Левик молча положил вилку, встал и вышел из-за стола.
— Почему??? — Вася крикнула ему вслед. — У тебя, Левик, у первого на такой подушечке не будет потеть шея!
Кстати, именно Вася спасла нас от конского волоса, призвав на помощь свою стародавнюю домработницу Сушкину. Та явилась с мешком из парусины — таким огромным, какой, видимо, носил на плече в свое время один только страшный викинг Олав Трюггвасон.
Она отнесла мешок с конским волосом в мастерскую, где туда добавили ваты и сшили новый матрац, на котором мы с Левиком спим уже двадцать лет.
В первую же ночь на этом матраце нам приснилось, что мы на нем спим между стенами двух домов. Эти стены так близко и так нависают над нами края чужих крыш, что может возникнуть иллюзия, словно и у нас есть свой дом и собственная крыша, но достаточно просто открыть глаза, и ты увидишь ночное открытое небо.
Нам снилось, что мы с ним летаем на матраце. Мы летали над облаками, так высоко, где даже не встретишь птиц.
И с нами долго еще летела — немного поодаль — душа старого летчика из нашего подъезда, потом она стала отставать, отставать, потом помахала нам и свернула к Сириусу.
Слепец и поводырь
Левик — моя единственная, бессмертная, всепоглощающая любовь, и это для него всегда было очень обременительно. Левик просто не выдержит, если я всю ее, целиком обрушу на него одного. Поэтому я вынуждена обрушивать ее на всех без разбору по принципу первого встречного-поперечного.
Когда мне кажется, кто-то хотя бы взглянул в мою сторону, просто взглянул мимолетно, и в этом взоре я уловила тень теплоты, я вот что делаю: я вяжу ему свитер. Сколько километров пряжи я извязала за мою жизнь — это же страшно подумать!
— Синдром Пиаф, — заметил мой доктор Анатолий Георгиевич и аккуратно записал это в графе «диагноз» вторым номером после синдрома Отелло. — Точь-в-точь такое же психическое отклонение, — сказал он мне, — было у прославленной Эдит Пиаф.
Оказывается, она своим возлюбленным — скорей-скорей, — пока они не исчезали, не растворялись в воздухе, не улетали, не уплывали от нее, не уезжали, короче, не проваливались в тартарары, по-быстрому на толстых спицах вязала свитер — такой дичайшей вызывающей расцветки, что эти сорок-пятьдесят человек если и надевали свитера Эдит Пиаф, то просто чтобы сделать ей приятное.

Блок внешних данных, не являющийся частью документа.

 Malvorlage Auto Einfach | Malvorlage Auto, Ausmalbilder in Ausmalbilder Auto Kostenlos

Но, Гусев Анатолий Георгиевич, вы не видали моих свитеров. Это же форменное произведение искусства. Как правило, я вяжу их в туалете.
Первый свитер был связан мной на заре туманной юности, когда я полюбила служителя зоопарка Вову Гульченко, он чистил там куриные загоны. В кирзовых сапогах, ватнике, с ног до головы в опилках и курином помете, он весело громыхал ведрами и голосил на всю старую территорию:
— Ой вы, куры! Куры — звери!
Ку-ры — зве-ри — Ой! Ой!..
Голосина у него был — будь здоров. До того, как прийти в зоопарк, он пел в церковном хоре на Ваганьковском кладбище.

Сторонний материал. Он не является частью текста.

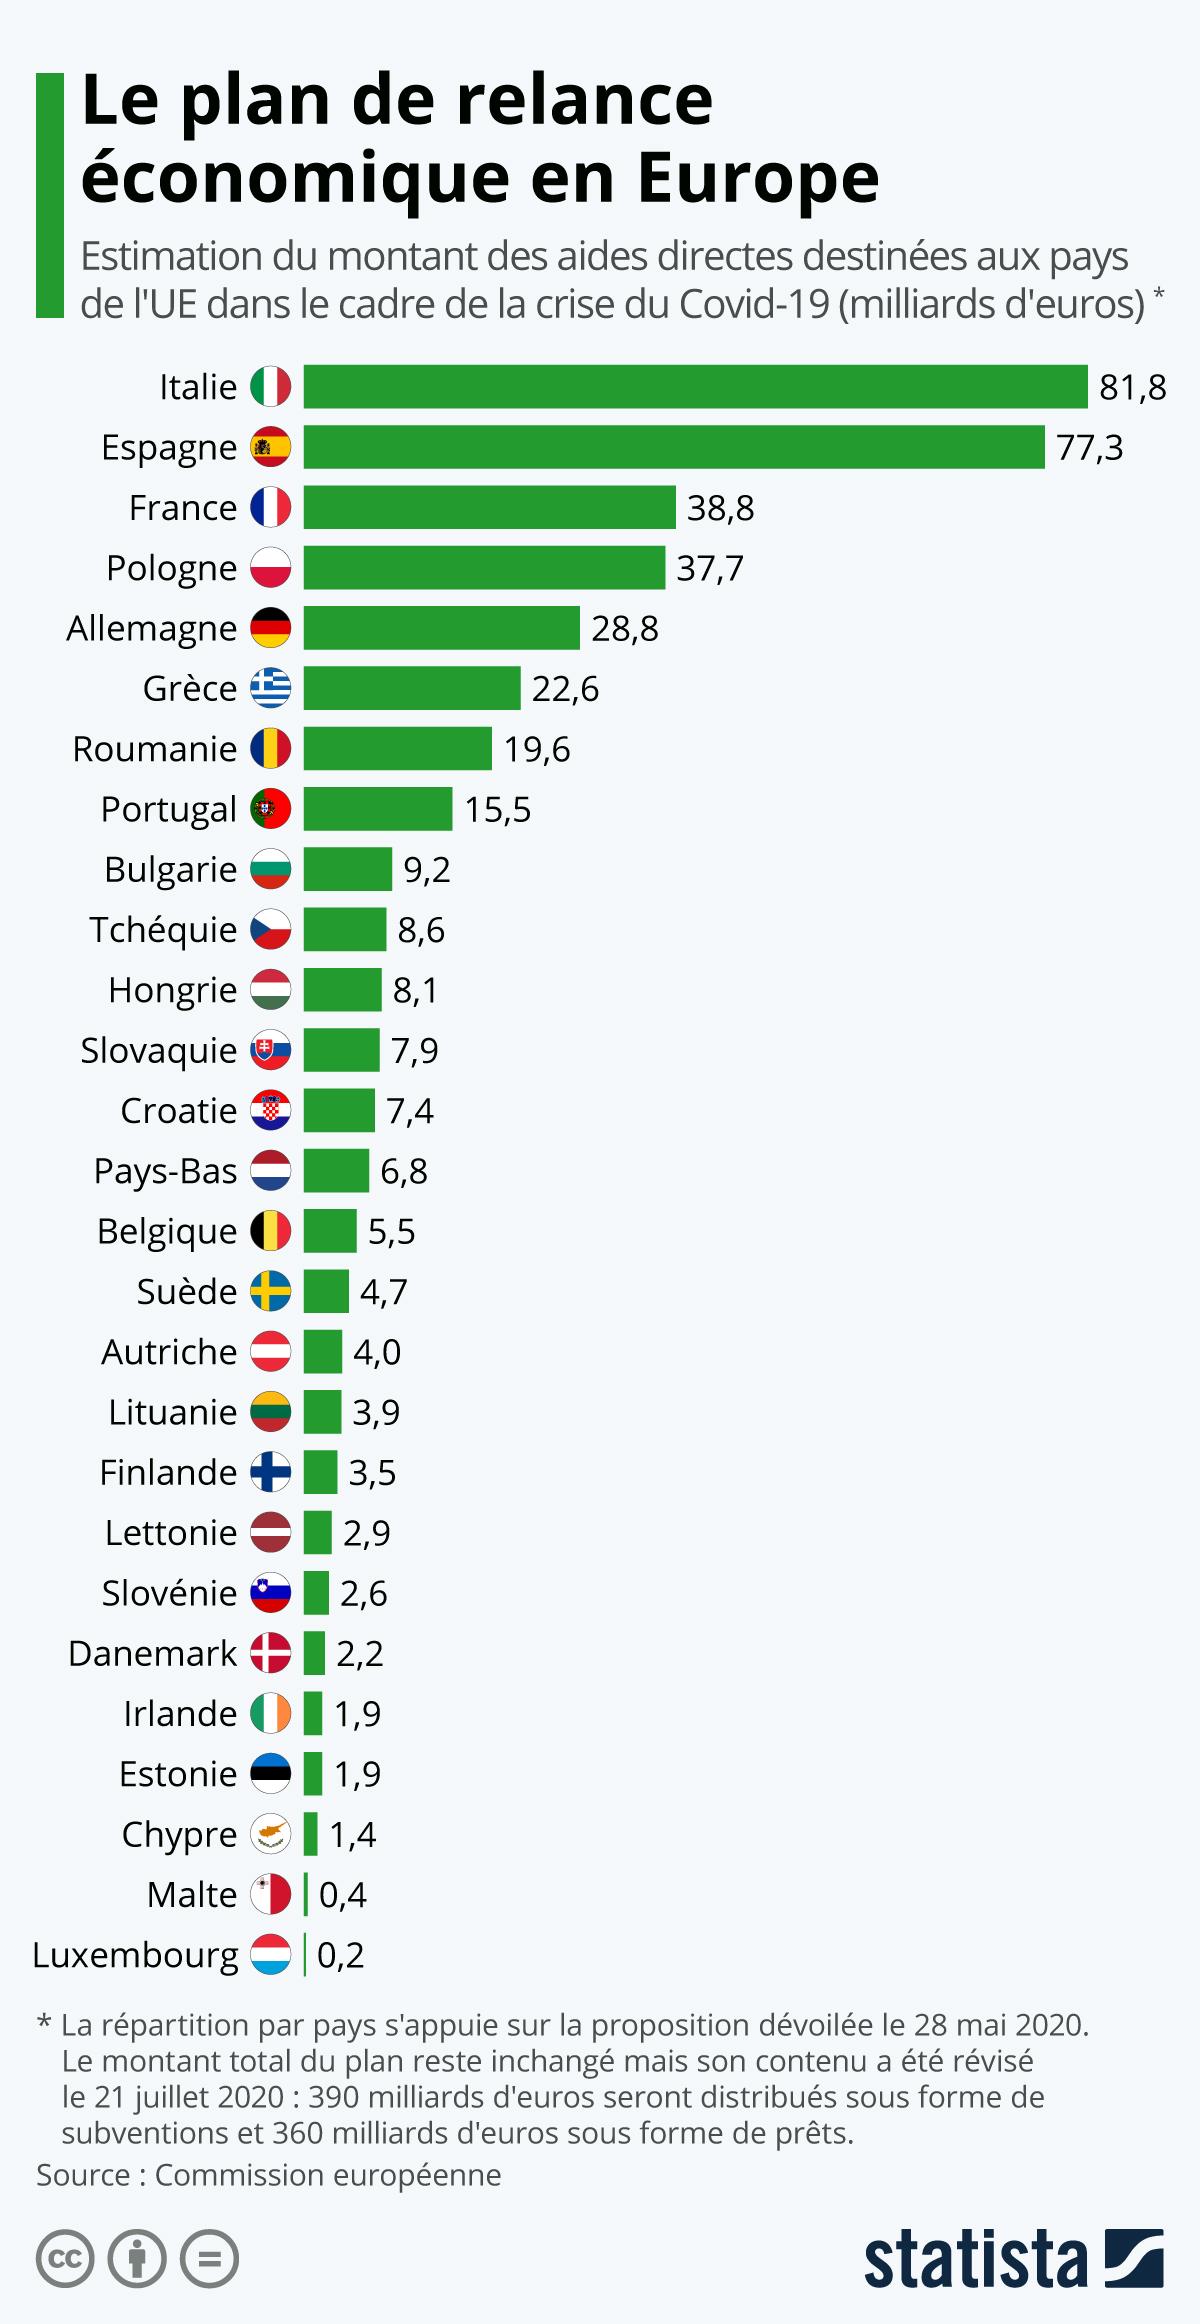 Infographie: Le plan de relance économique en Europe | Statista

Не мудрствуя лукаво, я связала ему вещь очень простую по композиции. Четыре руки обнимали его со всех сторон, мои четыре огромных руки — две белые — на коричневом фоне — спереди и две коричневые — на белом фоне — сзади.

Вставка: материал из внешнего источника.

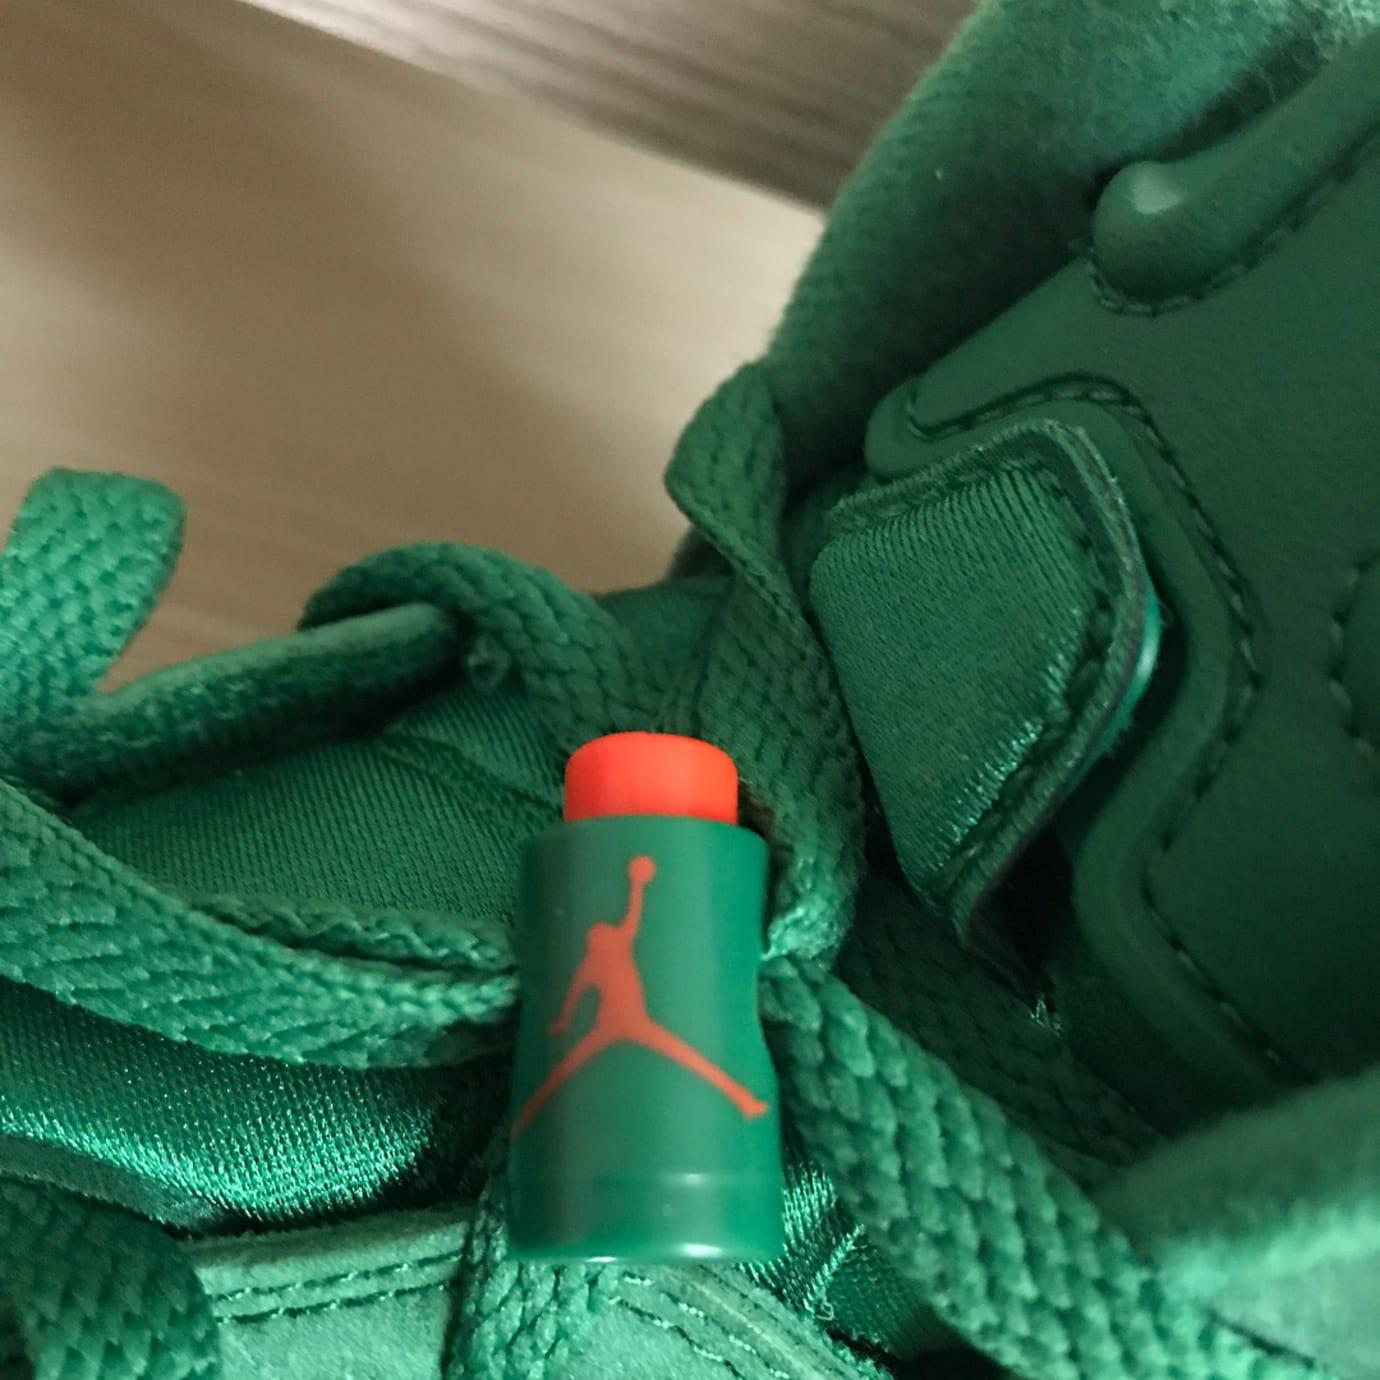 34105bdca77 Air Jordan 6 Gatorade Release Date 384664-145 | Sole Collector

По рукавам его в изумрудной траве гуляли черные куры с алыми гребнями. На левом предплечье в синюю даль уходило море, по морю плыл корабль, на котором я бисером вышила «ВОВА», а на палубе стоял сам Вова Гульченко, собственной персоной, куриный бог, покровитель недовысиженных яиц, человек особенный в моей жизни, тот, кто впервые меня по-настоящему поцеловал, — с грохотом поставил пустые ведра, снял резиновые перчатки, очень аккуратно повесил их на металлический бортик, обнял и поцеловал.